Ступают по той дороге крестьянские ноги, от века скрипят телеги и дровни. Идут солдаты и нищие, едут богомольцы, купцы и торговцы. Нищие ходят в лаптях из бересты либо в тряпичных шоптаниках, мужики и купцы в сапогах либо валенках, иногда и с калошами…

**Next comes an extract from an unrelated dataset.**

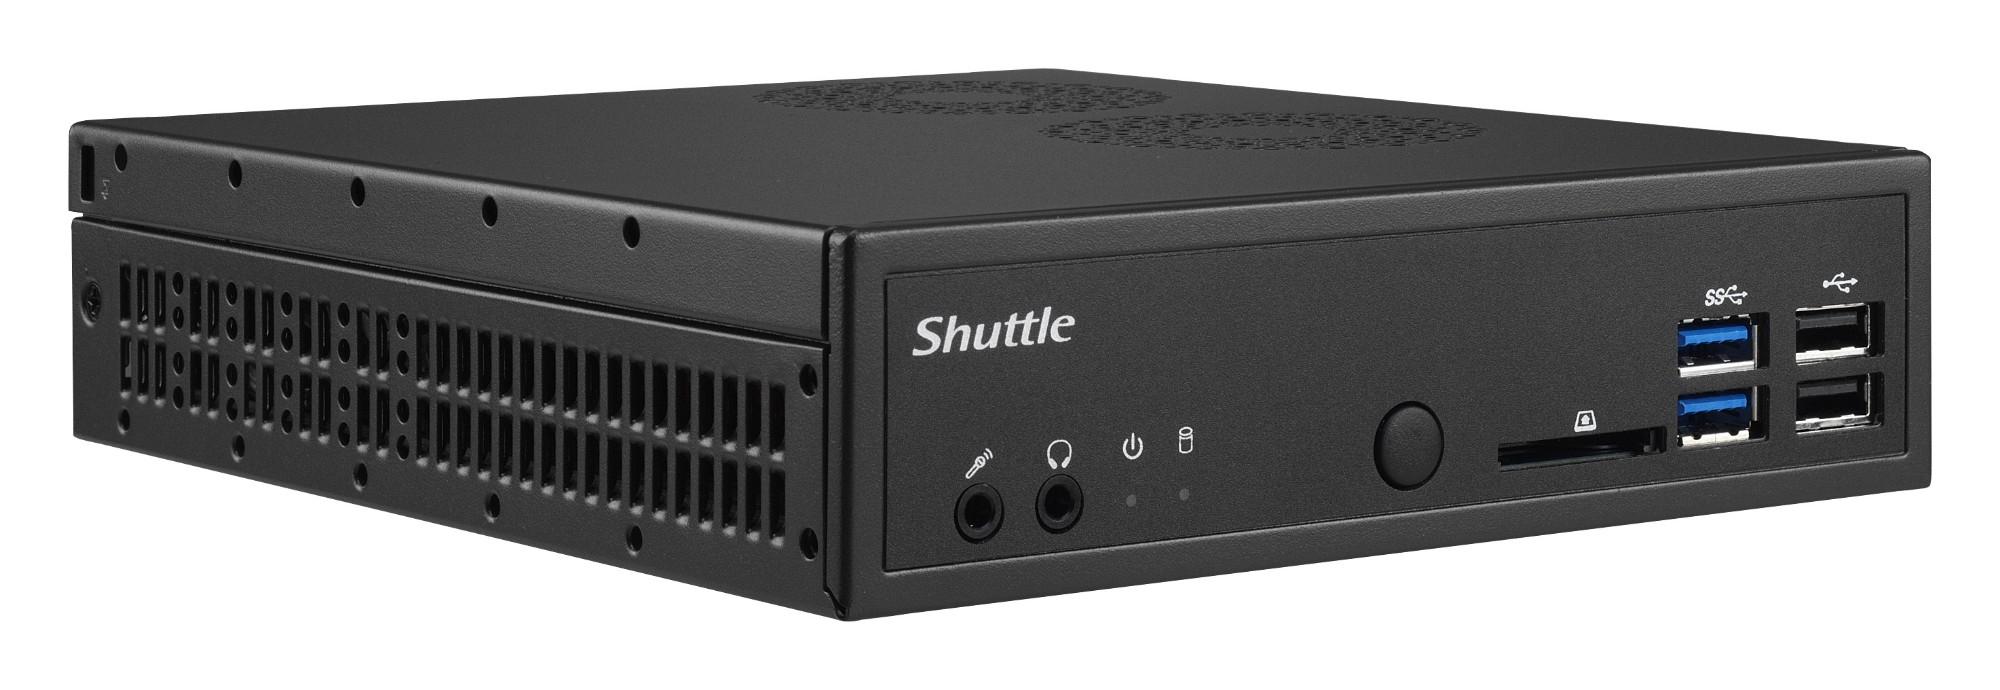 Shuttle DQ170 PC/workstation barebone Nettop Black Intel® Q170 LGA 1151 (Socket H4)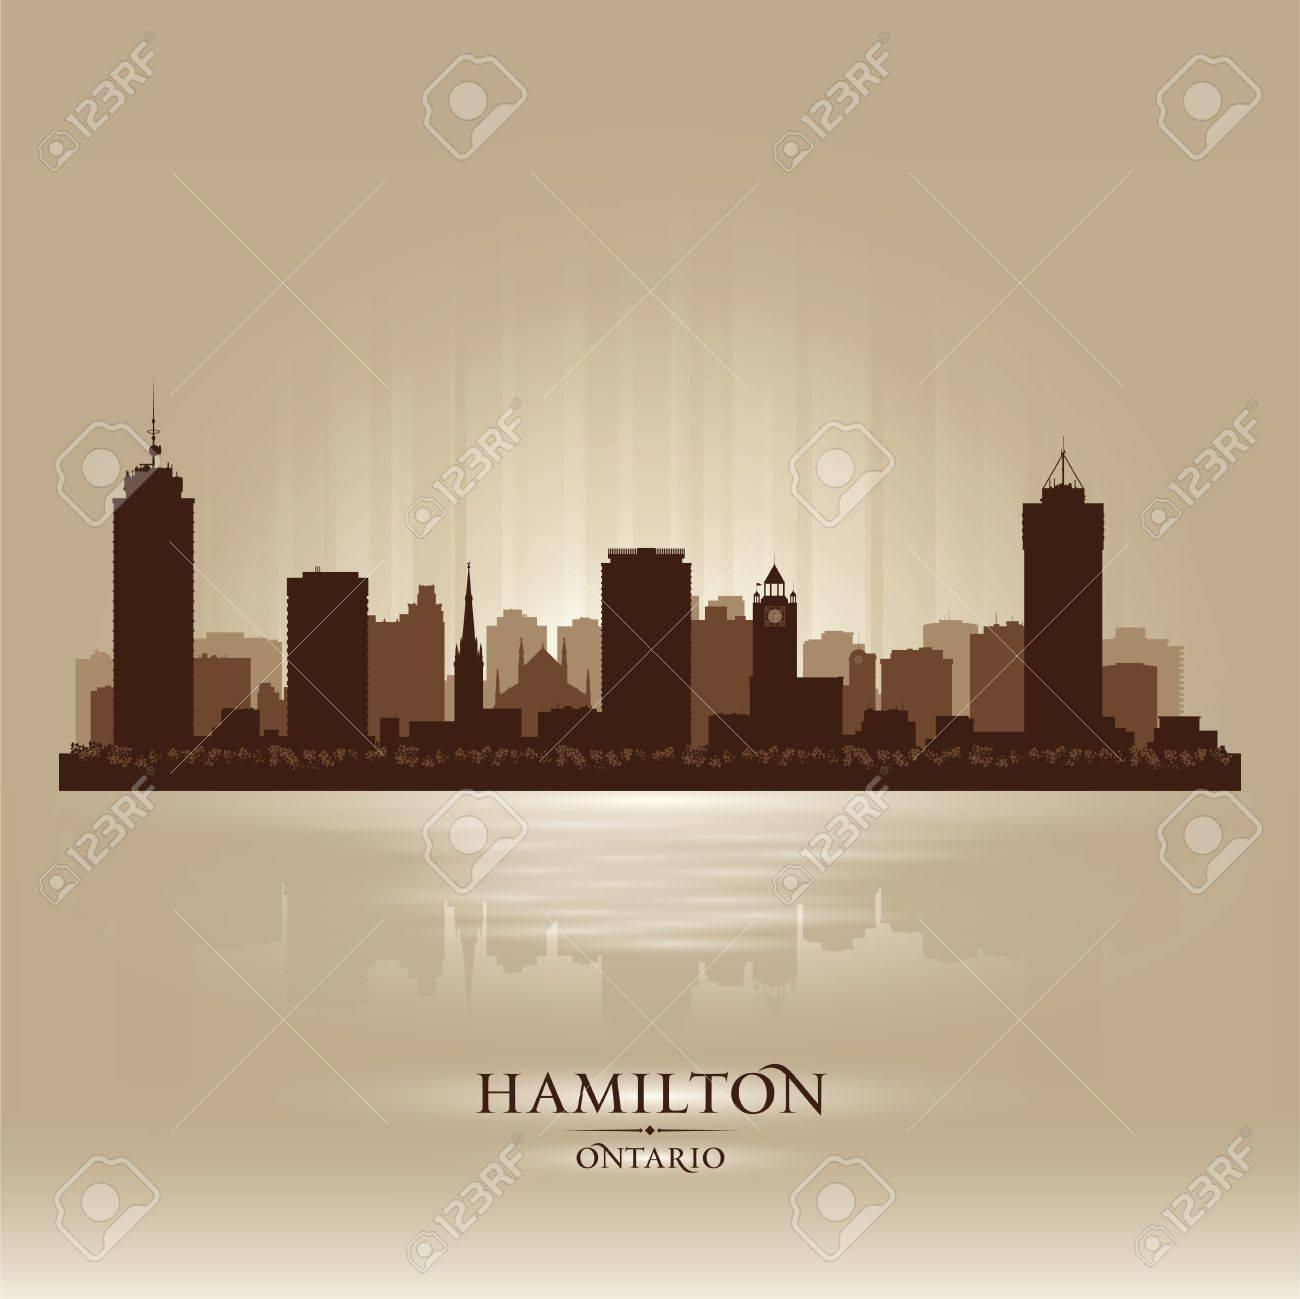 Hamilton Canada skyline city silhouette illustration Stock Vector - 19719977

О, веселая эта тоска, о, тревога дорожная, неусыпная! Чем скрасить тебя, кроме разговоров сердечных, ежели едешь обозом? Чем, кроме долгой песни, скоротаешь тебя, ежели едешь один? Под синими звездочками в морозную ночь поет и стонет даже березовый полоз. В летнюю комариную пору поет даже убогий калека, застигнутый в зеленом лесу, а на гуменной околице девки поют у каждой даже самой малой деревни. Хорошо в пути и в гости заехать, коли есть родня, еще лучше сделать свои дела да причалить к ночи к родному подворью, ежели едешь от станции. А ежели к станции правишься? Неизвестно, что ждет около железной дороги. Кони и те безумно храпят и бросаются в сторону через канавы и огороды, ломают оглобли от паровозного страха.
Тесно вдвоем в одноколой телеге. Павел вылез на землю, за ним зашевелился и Акиндин, чтобы облегчить воз.
— Сиди, сиди! — остановил Киндю хозяин мерина. — Сиди и пой… Может, комаров-то поменьше будет.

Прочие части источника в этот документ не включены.